Esa mañana Elia se encontraba en el almacén del frente de su casa en la ciudad de Buenos Aires. La noticia llegó por la dueña del local de que algo estaba sucediendo. Al volver, se encontró con la puerta rota y un tipo le da una trompada. Le taparon los ojos… la llevaron a una habitación y allí la tiraron en una cama con sus dos hijas que lloraban. Luego la hicieron bajar las escaleras y fue cuando logró levantarse la venda y pudo ver sus caras. Le volvieron a pegar. La sacaron al patio, y tras percatarse de su retirada, se dirigió con sus hijas. “Fue muy doloroso, porque a la de once años le pegaron dejándole la ithaca marcada en la espalda, y a la de veintitrés, aparte de los golpes, le levantaron el camisón, la manosearon y le retorcieron los pezones”, agregó.

Luego la búsqueda fue desesperada. Comisarías, parroquias, juzgados. Todo un entramado de complicidad entre actores y militares. Tras golpear diferentes puertas, decidió hacer su Habeas Corpus lo que la llevó a tribunales donde conoce a otras madres. Allí una señora la mira y le pregunta: “¿a qué viniste?” y le contesta “Mirá, vine a traer un Habeas por mi hijo que está desaparecido”.

Comenta que al principio eran un “pequeño grupito” en la plaza, entre las que se encontraba Azucena Villaflor”. Ella era una “maravilla de persona” comenta “nos contenía a todas por igual. En una ocasión se me asignó la tarea de ir a una iglesia de la capital a juntar firmas, para sacar solicitadas, mientras simulaba rezar y fue entonces cuando  llegó un muchacho y me dice te tenés que ir, se acaban de llevar a las madres de la Santa Cruz. El Salvó mi vida”, señaló.

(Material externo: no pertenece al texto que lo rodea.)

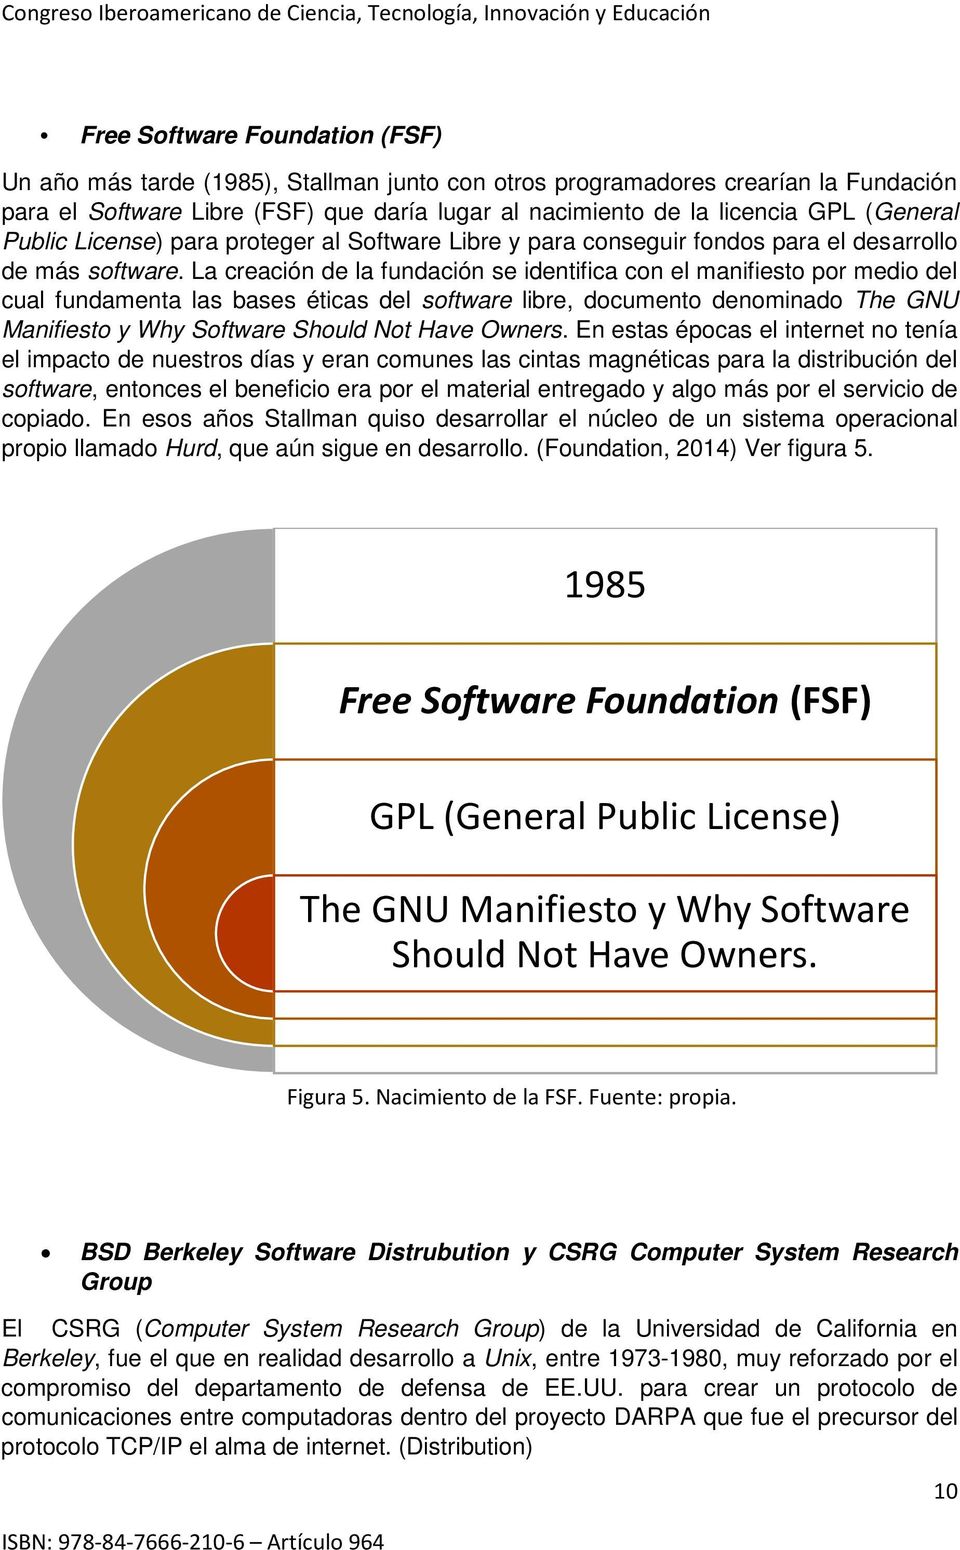 La creación de la fundación se identifica con el manifiesto por medio del cual fundamenta las bases éticas del software libre, documento denominado The GNU Manifiesto y Why Software Should Not Have

Dice que cuando se encontraban en la plaza y a través del pedido “circulen” de los milicos, dieron nacimiento a las marchas, mientras algunas “tejían” y “otras leían para que no les pudieran decir nada”.

Con anterioridad Elia se había integrado a Familiares de Detenidos y Desaparecidos por Razones Políticas, de la Liga Argentina por los Derechos del Hombre.  “Muchas madres ya no se acuerdan de eso” y revela que ella siempre que los ve, les agradece.

Con la apertura del Juicio a las Juntas Militares, Elia confiesa haber vivido ese período con mucho entusiasmo. Una de sus hijas presenció los tres Juicios. “Había mucha esperanza, porque no se había hecho nunca nada y con Alfonsín se juzgó, lo que pasa es que después metió la pata hasta la maseta con la  obediencia debida, pero por lo menos era honesto, los radicales fueron honestos, no fueron, así, corruptos, como este gobierno que se fue”.

En 1986 se produce la ruptura de Madres de Plaza de Mayo, y entre las causas de la separación se hallaba el autoritarismo de Hebe de Bonafini. “No permitía nada, no permitía que fuéramos a ver fosas comunes, ella no quería aceptar los huesos”, “yo sí, denme los huesos si eran de mi hijo, yo los quería”. El otro motivo “fue debido a que daban un resarcimiento económico a familiares de las víctimas y ella decía que la que recibía eso vendía a su hijo”. Sin embargo, afirma que la ruptura no tuvo que ver con las ideas fundantes, “ahí no había diferencias”.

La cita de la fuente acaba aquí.